The brain can register a life-changing diagnosis like cancer as an acute threat, leading to a stress response, Orsillo said.
The struggle with this diagnosis, not necessarily the diagnosis itself, can lead to positive psychological change, Orsillo said. That’s a psychological concept called “post-traumatic growth.”
It’s “the resilience that people are able to tap into,” Orsillo said. “It’s that process of coping with and responding to that traumatic event.”
For some people, that means chasing challenges, such as climbing mountains or running marathons, said Kristin Lafferty, executive director of Cancer Support Community Massachusetts. These changes can be positive or negative, she said, but they both manifest for the same purpose: control.
“You spend a significant amount of time being poked and prodded and undergoing procedures that were not of your choosing,” Lafferty said. “The sense of control is really important.”
That’s what it was for Lax, who faces a terminal diagnosis of oligodendroglioma, a rare brain cancer that under 24,000 people are diagnosed with each year, according to the Cleveland Clinic.

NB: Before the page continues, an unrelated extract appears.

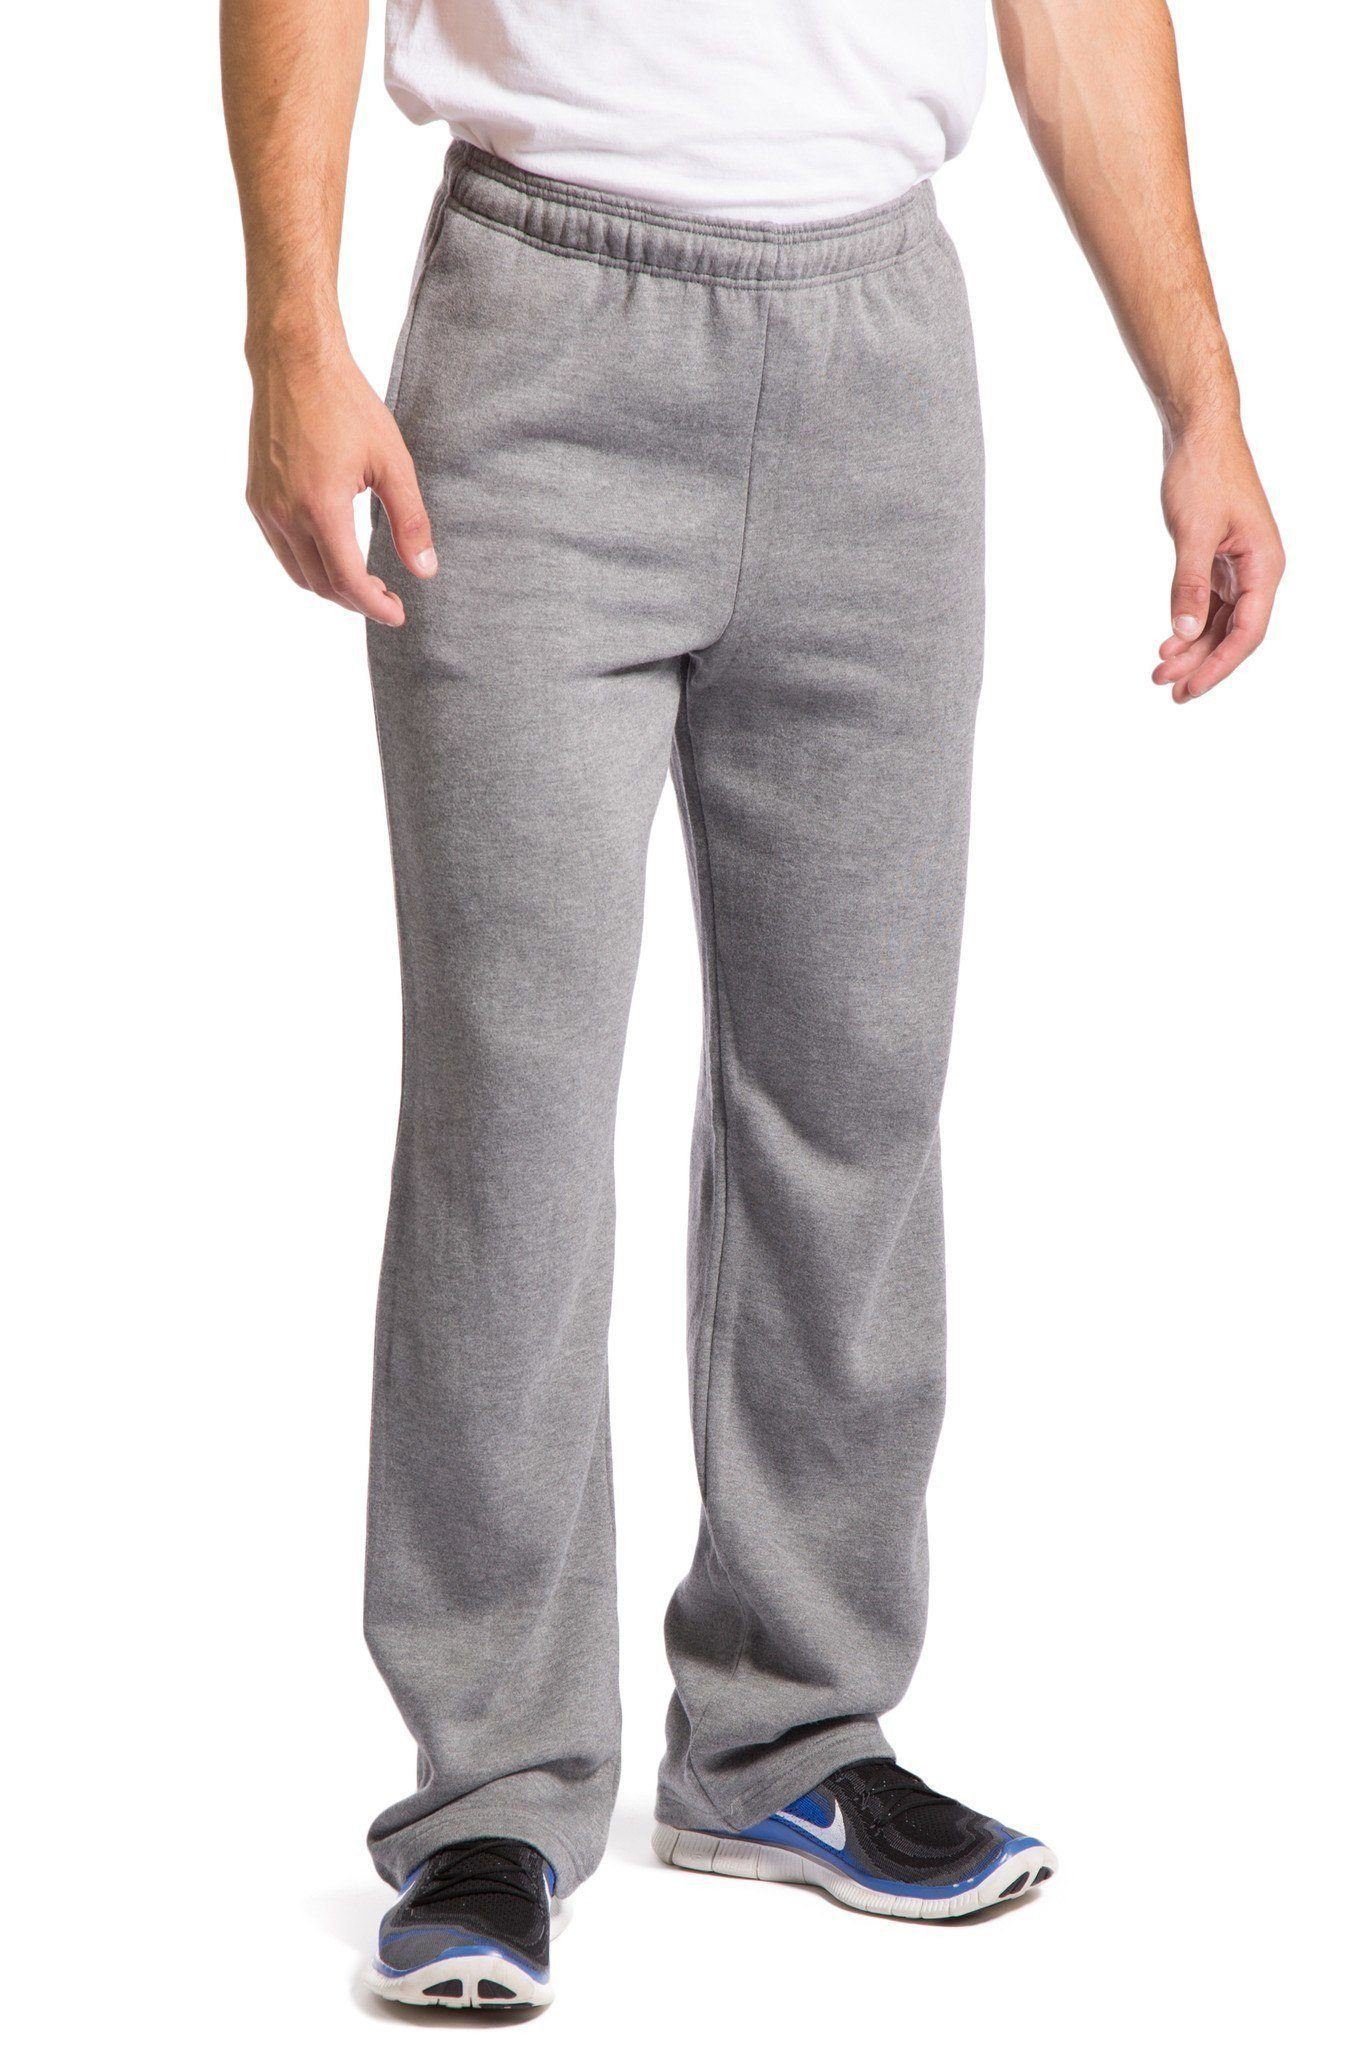 Mens Sweatpants | Ecofrabic Mens Athletic Pants | Fishers Finery
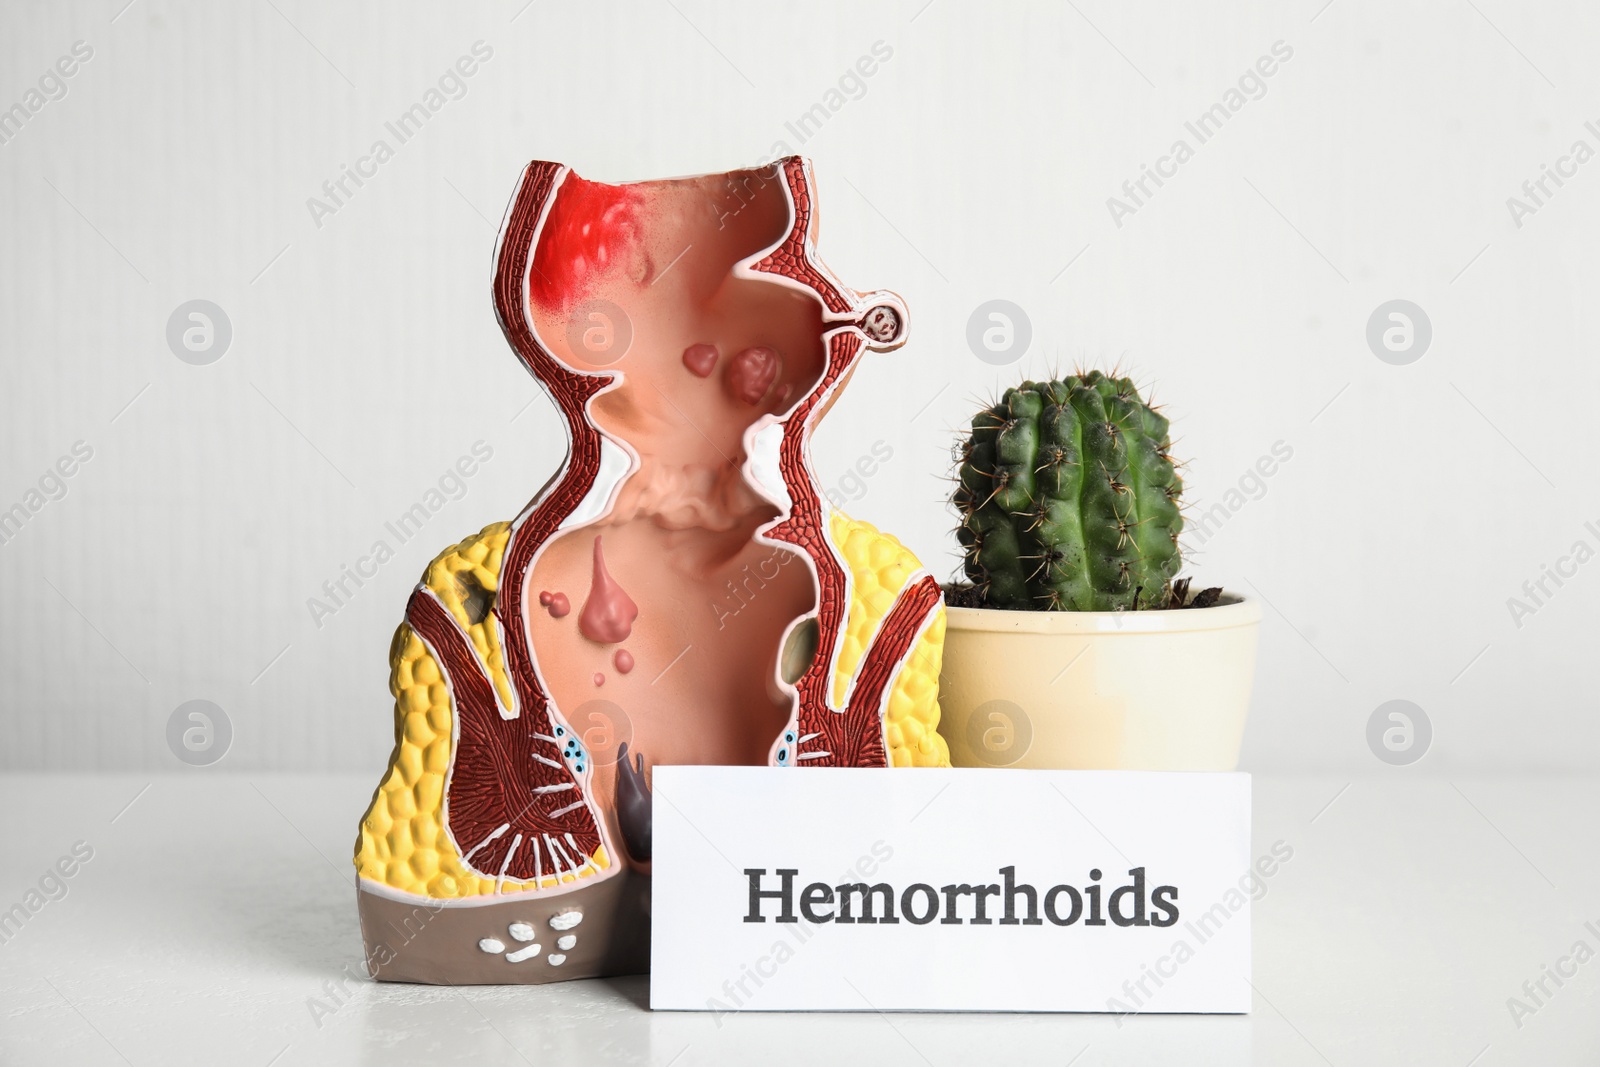 Photo of Model of unhealthy lower rectum, cactus and card with word Hemorrhoids on light background

“You can suffer in a way that’s positive to build something for yourself and control that suffering,” she told Northeastern Global News. While you may not be able to control “how much chemo sucks,” you can take charge of running 20 miles or riding a bike, she said. “It makes you feel better.”
That was one of the reasons that Lax sought marathons. The 34-year-old had only run her first marathon six months before being diagnosed in April 2022 with the deadly condition. What followed was a series of chemotherapy treatments, surgeries and a “really bad breakup,” she said. But what endured was giving herself new challenges to accomplish.
“You want to control the things you can. When you do the things that not a lot of people do, you feel strong,” she said, acknowledging that there may be a bit of denial on her part. “You want to prove to yourself that you can do it, to prove to yourself that you’re not as sick as you might think you are.”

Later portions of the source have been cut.